The electrochemical measurements were recorded by an electrochemical workstation (CHI660D, Chenhua Instruments, Shanghai, China) with a classical three-electrode system. Then, a gold electrode (diameter: 2 mm, 99.99% (w/w) polycrystalline, Chenhua Instruments, Shanghai, China) was employed as the working electrode, a Ag/AgCl electrode saturated with 3 M KCl was served as the reference electrode, and a platinum wire was used as the counter electrode. The ECL intensity measurements were detected by a laboratory-assembled detection system, which contains electrochemical measurements and emission chemical luminescence detection. Electrochemical and emission chemical luminescence were recorded by an electrochemical workstation (CHI660D, Chenhua Instruments, Shanghai, China) and an ultraweak luminescence analyzer (BPCL, Institute of Biophysics, Chinese Academy of Science, Beijing, China), respectively. Additionally, the voltage of the PMT in the ultraweak luminescence analyzer was set at 850 V in the detection process. Cyclic voltammetry (CV) measurement and electrochemical impedance spectroscopy (EIS) measurements were performed in 0.5 M KNO₃ solution containing 0.01 M [Fe(CN)₆]^3+/4+. ECL intensity detection was recorded in Tris–HClO₄ buffer (20 mM, pH 7.4) containing a coreaction reagent, 0.02 M TPA.

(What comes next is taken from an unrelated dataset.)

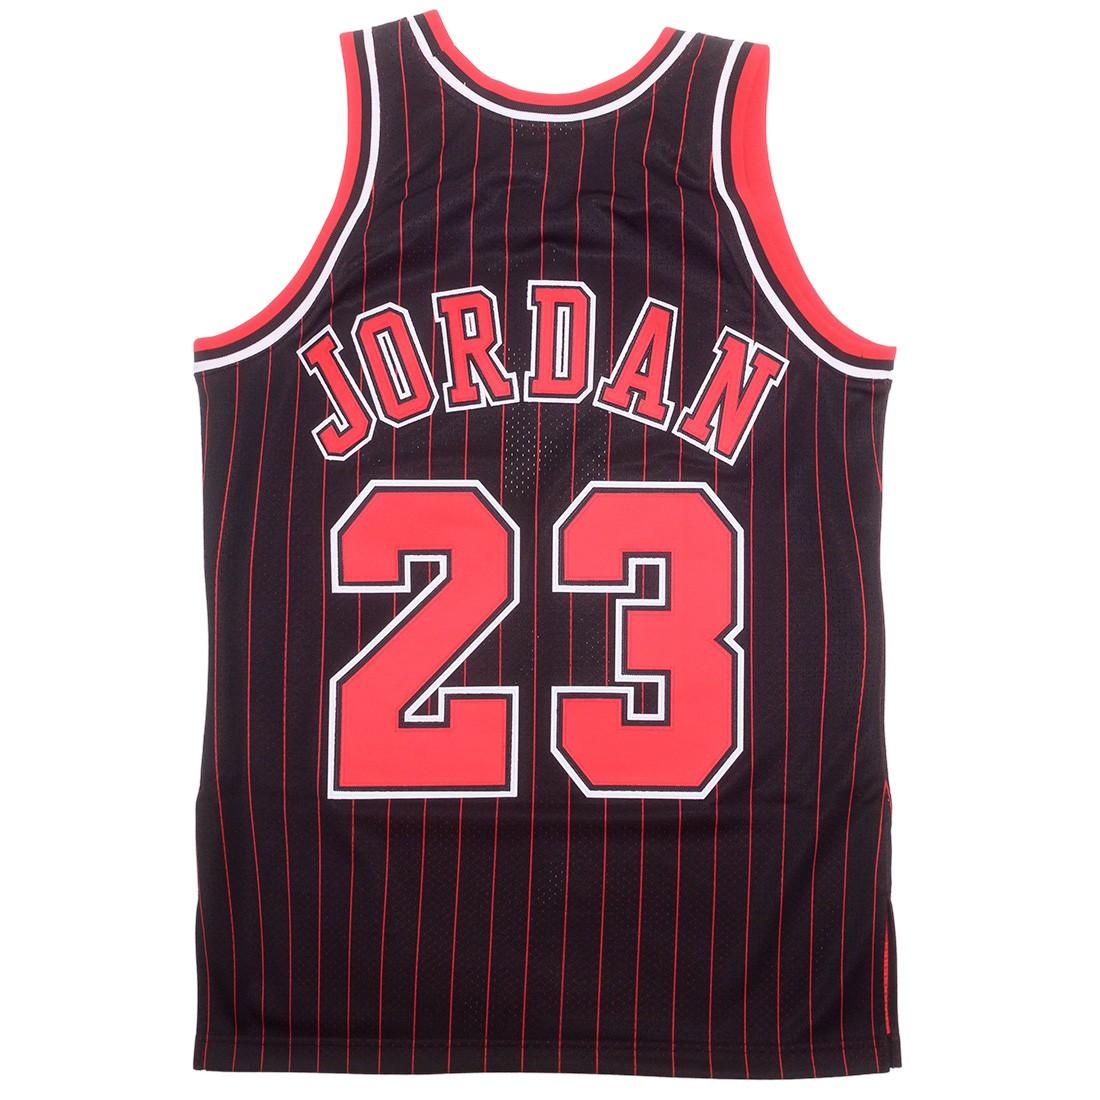 Mitchell And Ness x NBA Men Chicago Bulls Michael Jordan Jersey - Alternative 96 (black)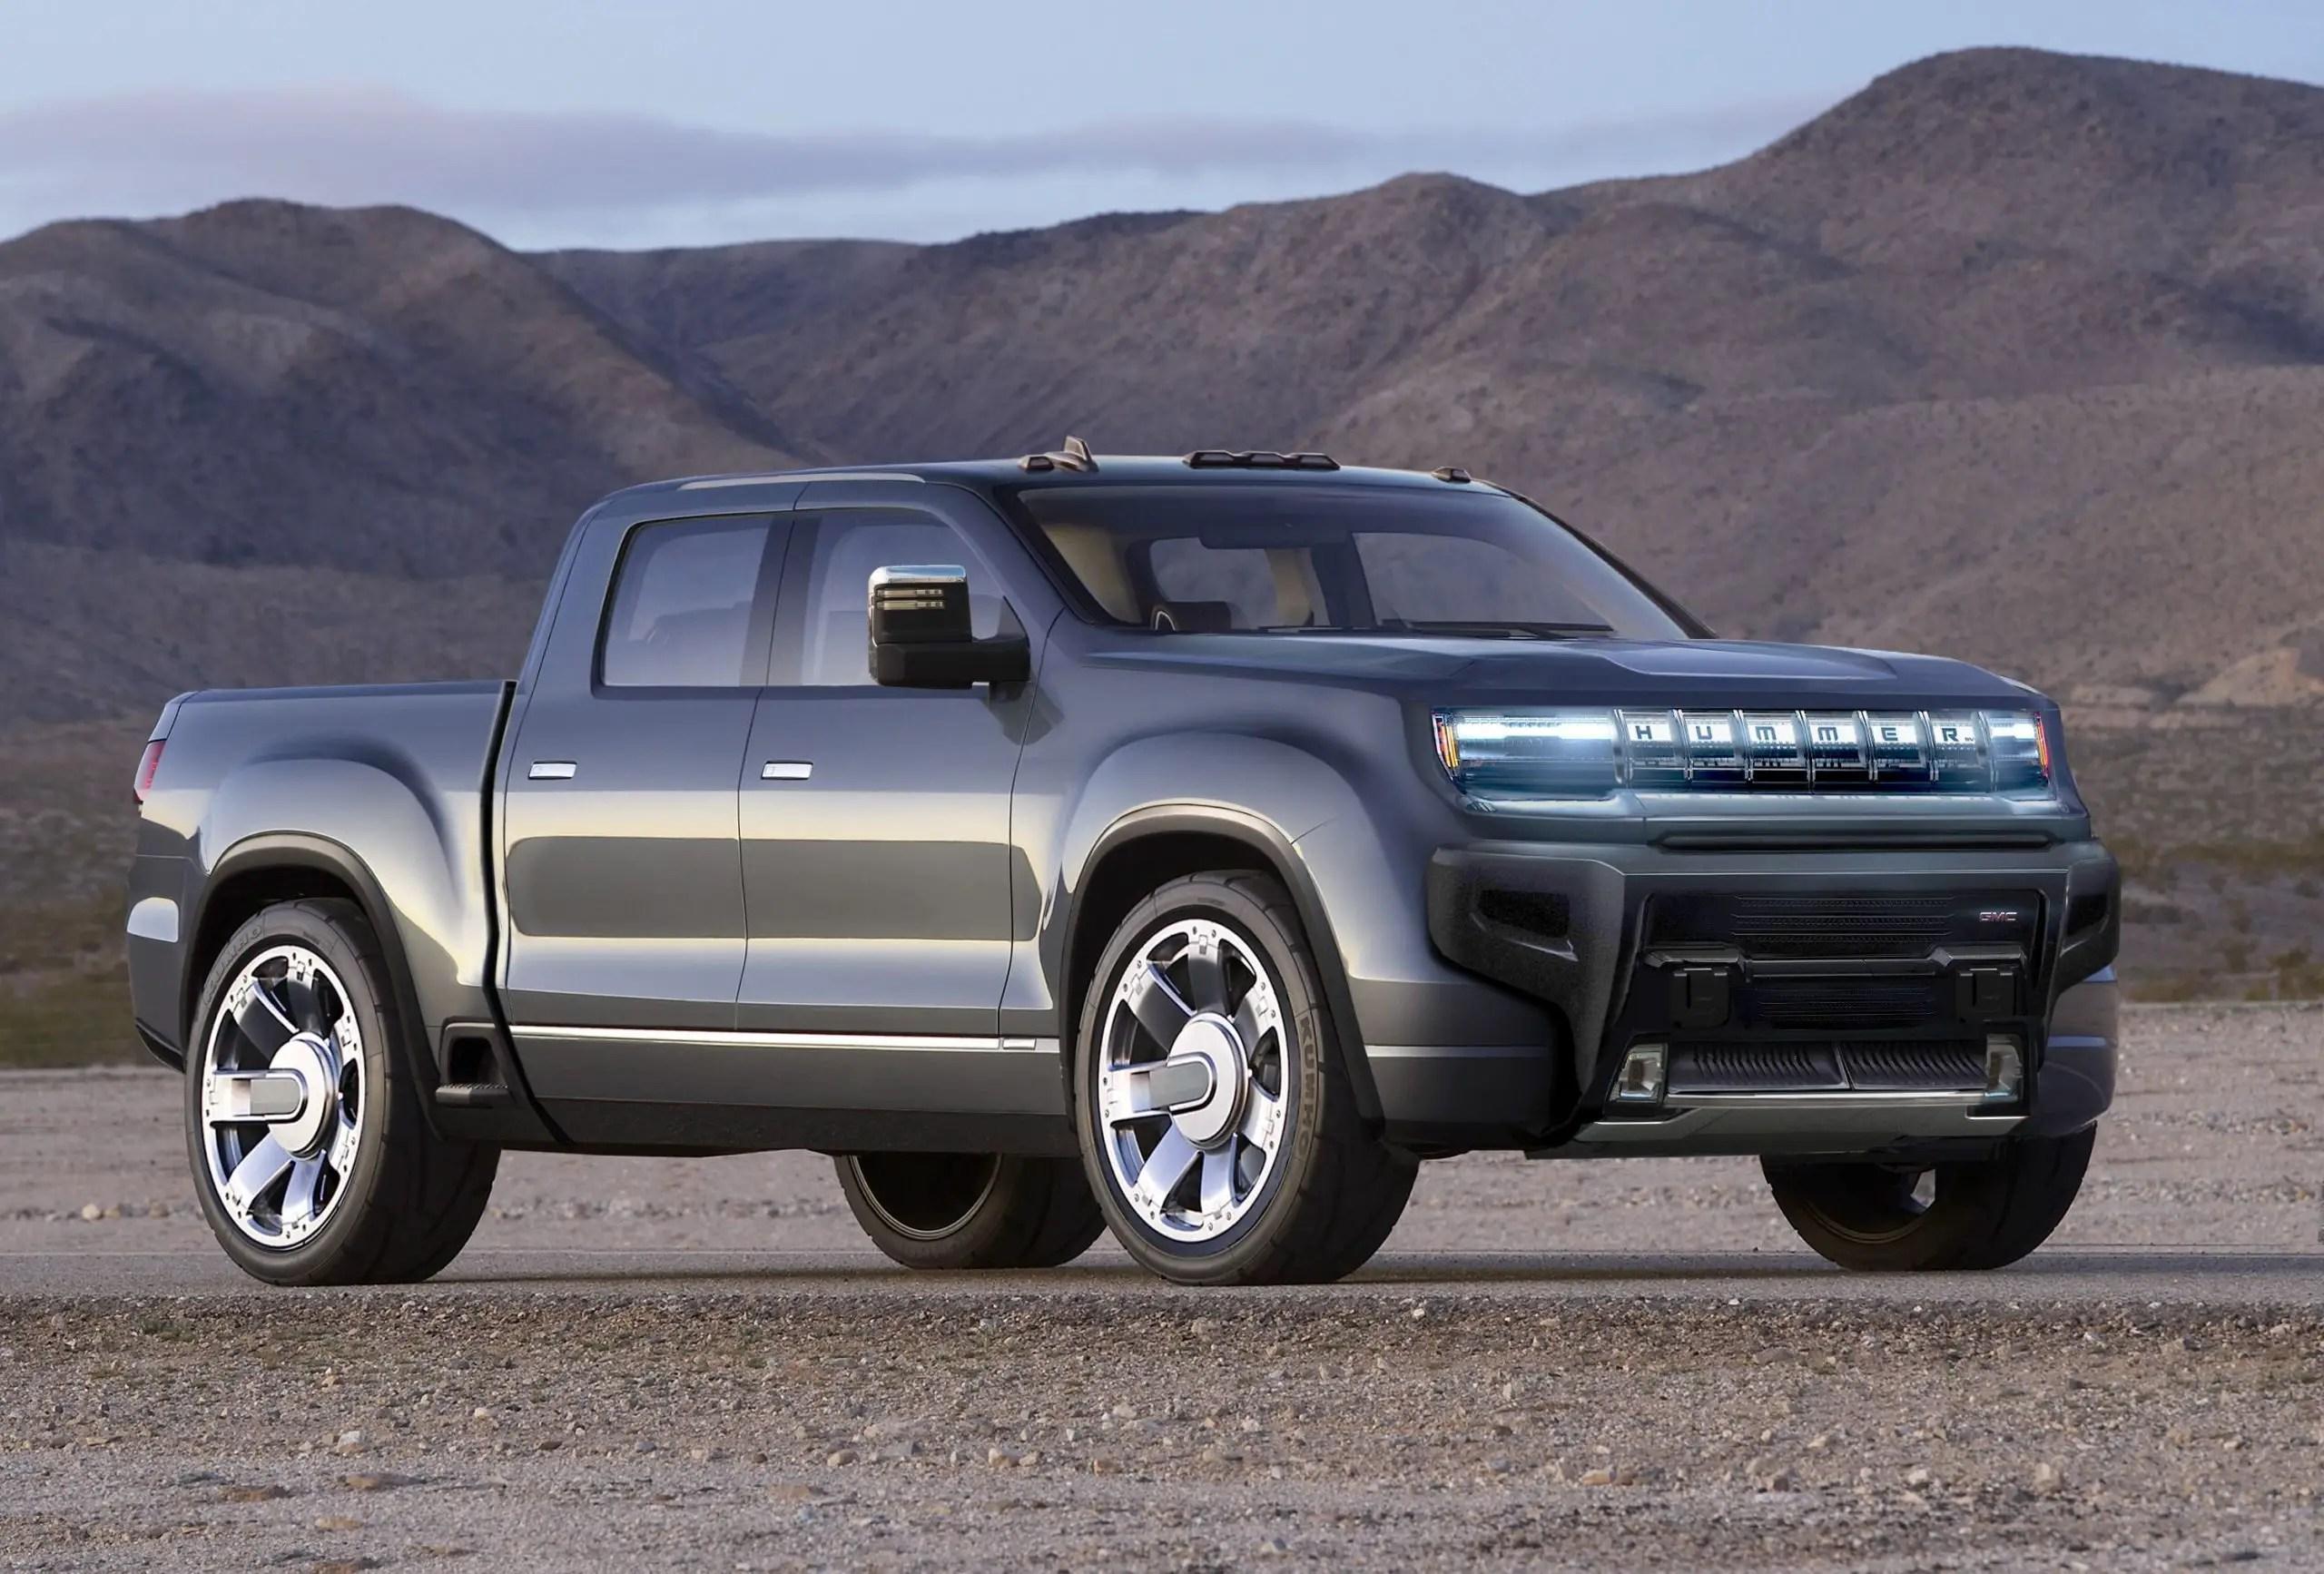 2022 GMC Hummer EV ilusstrations

2.3. Working Electrode Preparation Protocol

A 2 mm diameter gold electrode was polished with 1.0, 0.3, and 0.05 μm alumina slurry. Additionally, the gold electrode sequence was ultrasonically cleaned by ethanol, piranha lotion, and distilled water. Then, the gold electrode was immersed in 0.5 M H₂SO₄ solution, and the platinum wire was used as the reference electrode and counter electrode. CV was used to activate the electrode in the potential range of −0.2–1.0 V until the stable voltammetry peak was obtained. Additionally, the electrode was thoroughly rinsed with deionized water and dried with a high purity of N₂ gas. The primer was mixed with Ag⁺ at a concentration ratio of 1:8 and annealed at 95 °C to form a C–Ag–C hairpin structure. Subsequently, the gold electrode was immersed in 1 μM of the hairpin structure’s primer and reacted for 2 h to make the primer self-assemble to the electrode surface by a Au–S bond, and then passivated with 1 mM MCH.

2.4. ECL Detection

An amount of 10 μL of Tris–HClO₄ buffer was dropped on the primer-modified gold electrode, and the working electrode was placed in a tube containing 50 μL of various concentrations of H₂S standards (using Na₂S as the source) or joint fluid samples. H₂S gas could be volatilized from the tube and enriched on the primer-modified gold electrode by headspace enrichment [26,27]. Then, HCR was carried out at 37 °C for 105 min when the electrode was soaked in the solution containing H1 and H2 and Tris–HClO₄ buffer. Following this, the modified electrode was immersed in Ru(phen)₃²⁺ solution and incubated for 3 h at 4 °C. Then, the electrode was rinsed thoroughly with Tris–HClO₄ buffer to reduce the nonspecific binding. Finally, the ECL signal was measured in the potential range of 0.6 to 1.5 V (vs. Ag/AgCl) in Tris–HClO₄ buffer containing 0.02 M TPA, and the scan rate was 100 mV/s.

3. Results and Discussion

3.1. Principle of the Proposed ECL Biosensor for H₂S Detection

In this strategy, a highly sensitive electrochemiluminescence biosensor was constructed through Ag⁺ combined with C-rich primer interaction and HCR amplification. The working principle is shown in Figure 1. In the presence of Ag⁺, a C-rich single-strand primer can form a C–Ag–C complex, and then the single-strand primer can form a hairpin structure. Subsequently, the hairpin structure primers are fixed on the surface of the gold electrode by a Au–S bond. Since H₂S is both highly volatile and soluble in water, it can be volatile from the sample and enriched on the electrode. In the enrichment process, H₂S forms Ag₂S with Ag⁺, which competes with Ag⁺ from primers with a C–Ag–C hairpin structure, leading to the dissociation of the hairpin structure of the primer and the formation of a single-strand primer. The single-strand primer structure contains the initiating sequence required for the HCR amplification reaction, which is triggered when the H1 and H2 hairpin probes are added. That is, the initiator sequence in the single-strand primer triggers the opening of the H1 hairpin structure with a sticky end and hybridizes with part of it. The exposed sticky end of H1 further captures the H2 probe with a notch and hybridizes with part of it. The alternating hybridization of the H1 and H2 probes drives the chain reaction to form a DNA double-strand structure with a notch. Finally, a large number of DNA fragments with the double-stranded structures were generated on the electrode surface. Ru(Phen)₃²⁺ could be inserted as an ECL probe into the groove structure of dsDNA on the electrode surface, and a significantly enhanced ECL signal was detected. Because of the HCR amplification reaction, only a small amount of H₂S can generate a large amount of double-stranded DNA on the electrode surface, which significantly improves the detection sensitivity.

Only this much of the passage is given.